╭─ Study material

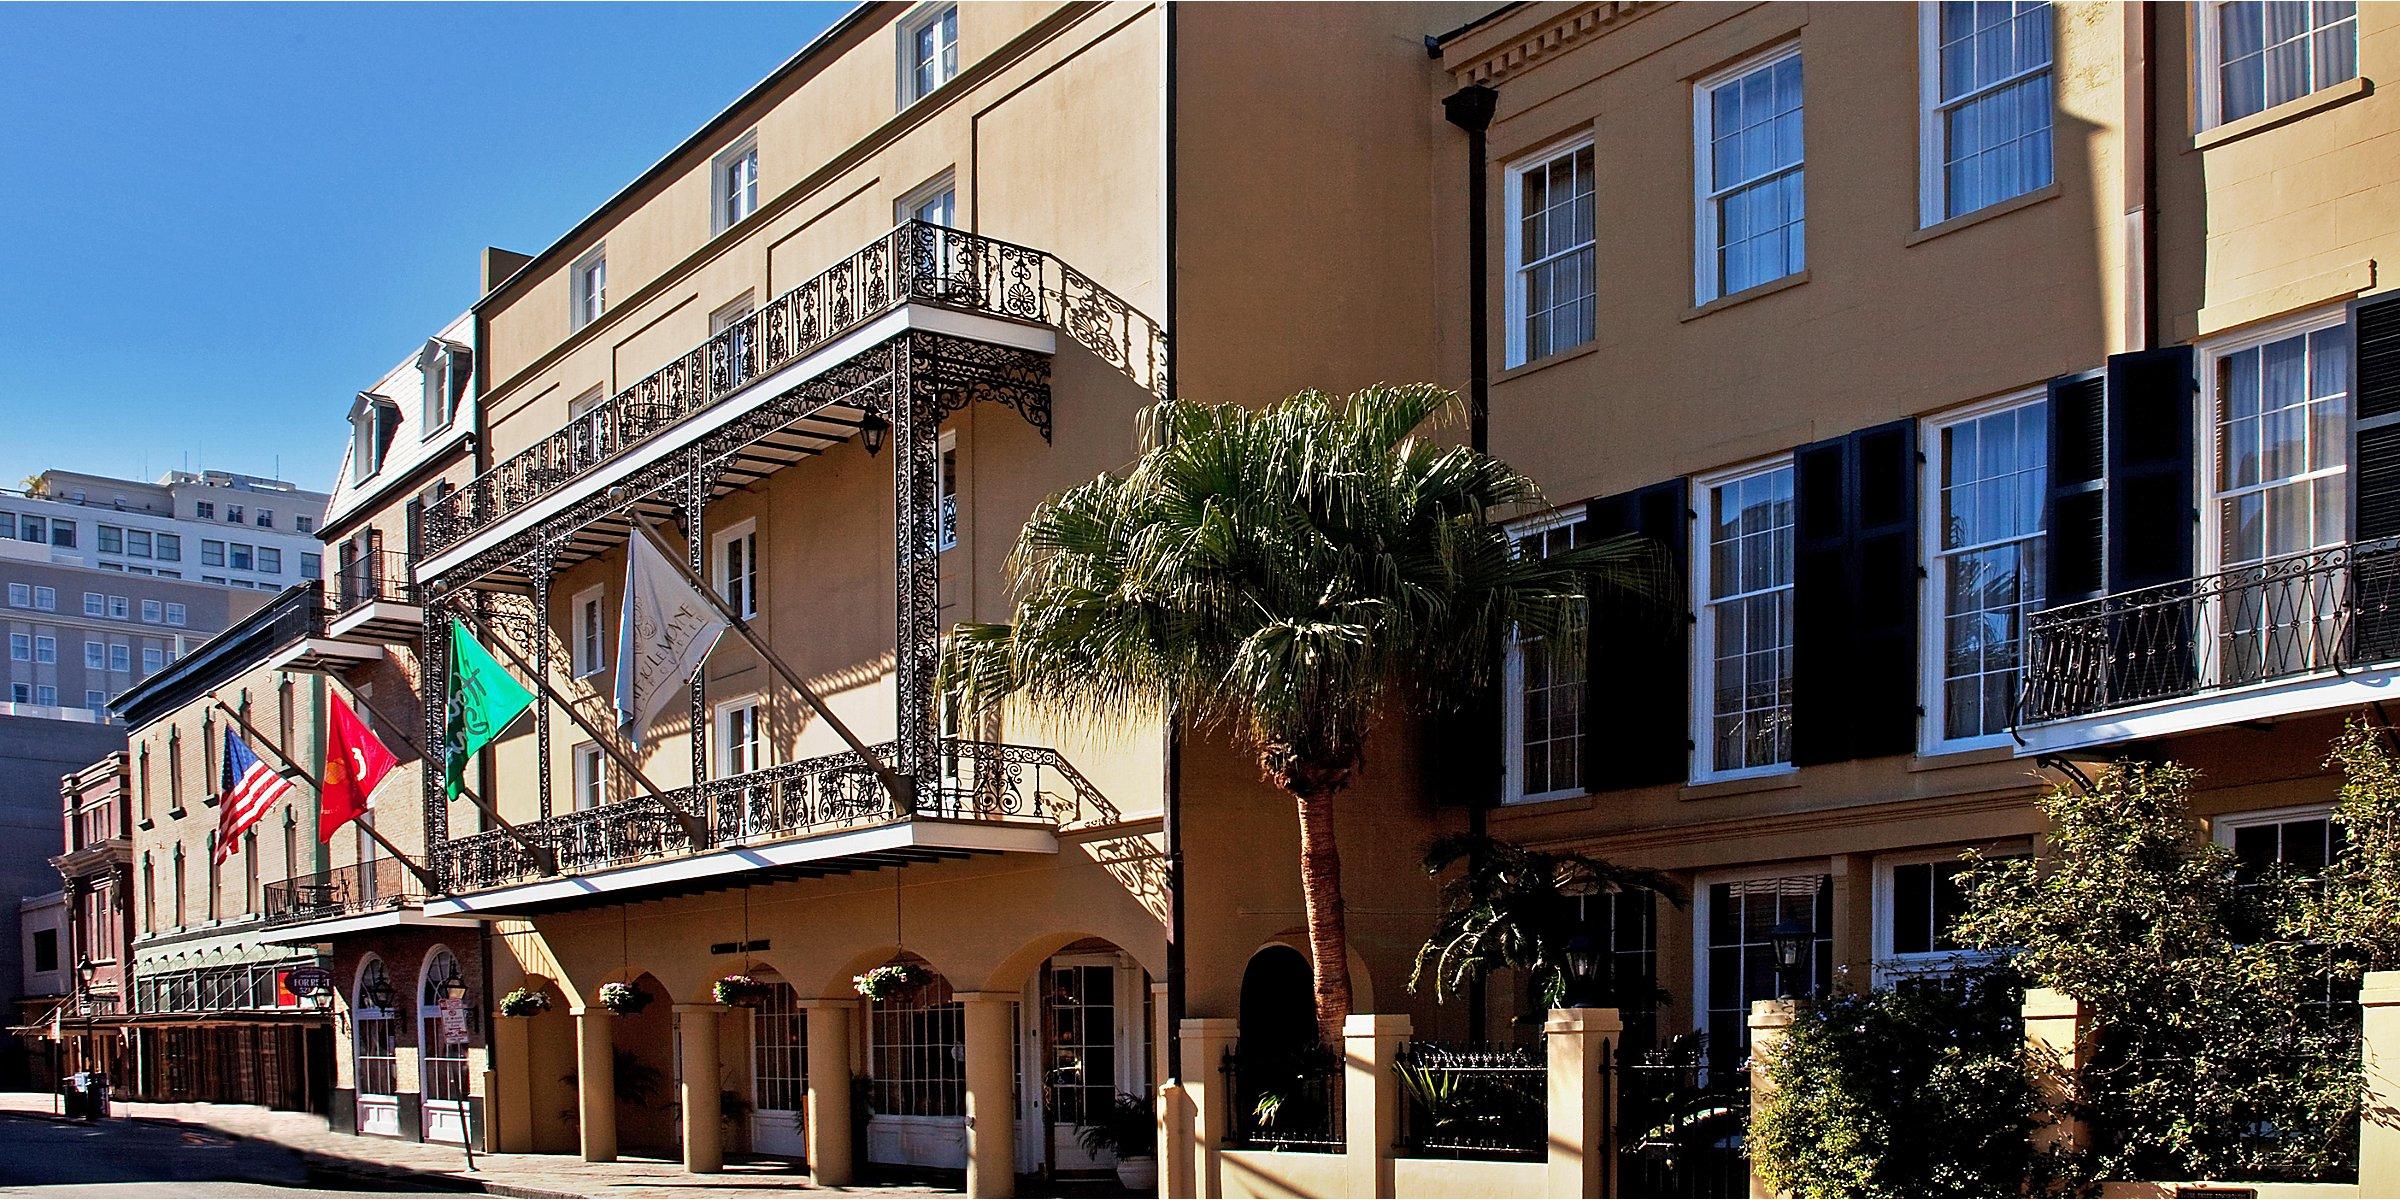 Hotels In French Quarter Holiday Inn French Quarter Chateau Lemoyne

╰─
╭─ Study material

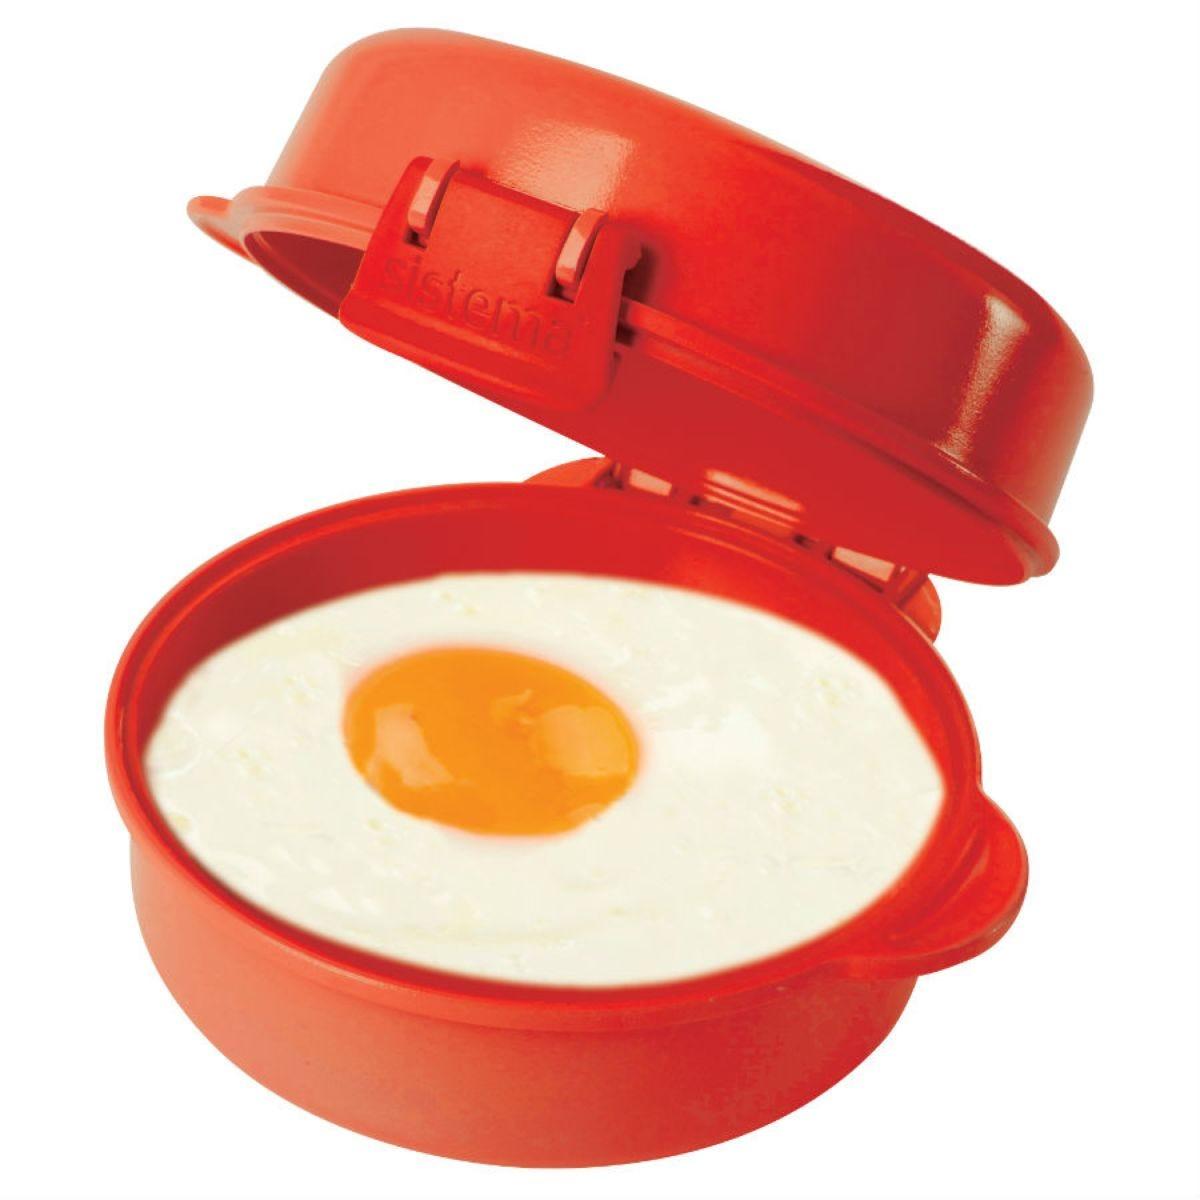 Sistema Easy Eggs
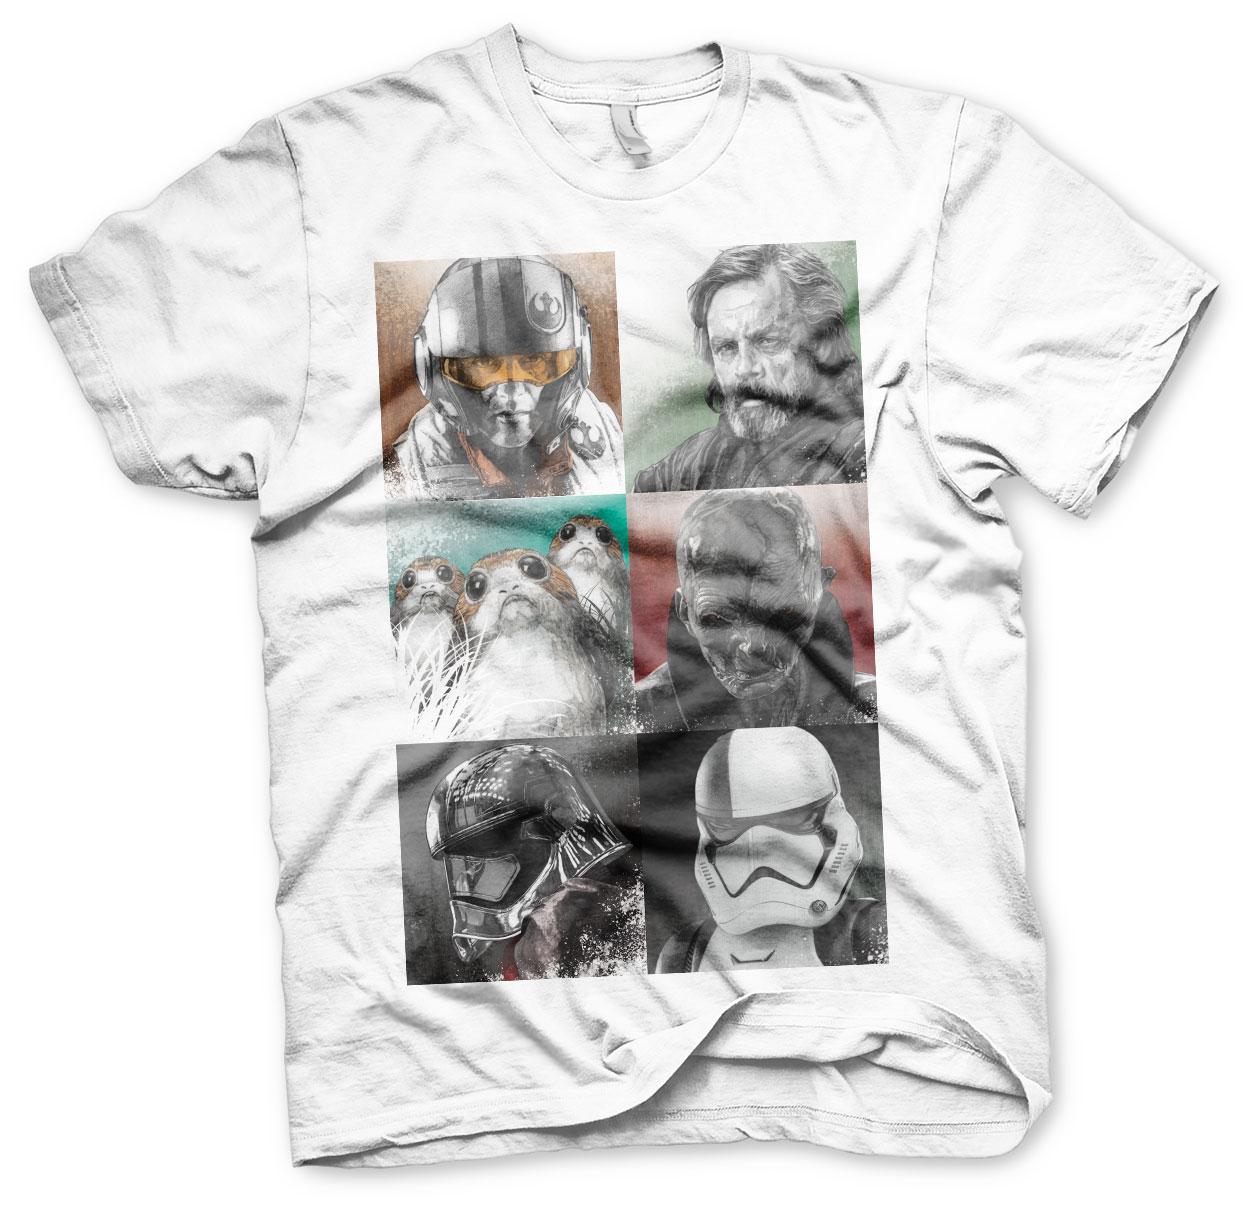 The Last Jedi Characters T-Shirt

╰─

**Required action:**
For this exercise, reproduce exactly the lines of the records above from the one with "Sistema Easy Eggs" up to and including the one with "The Last Jedi Characters T-Shirt", without pictures.

**The answer:**
 Sistema Easy Eggs
 The Last Jedi Characters T-Shirt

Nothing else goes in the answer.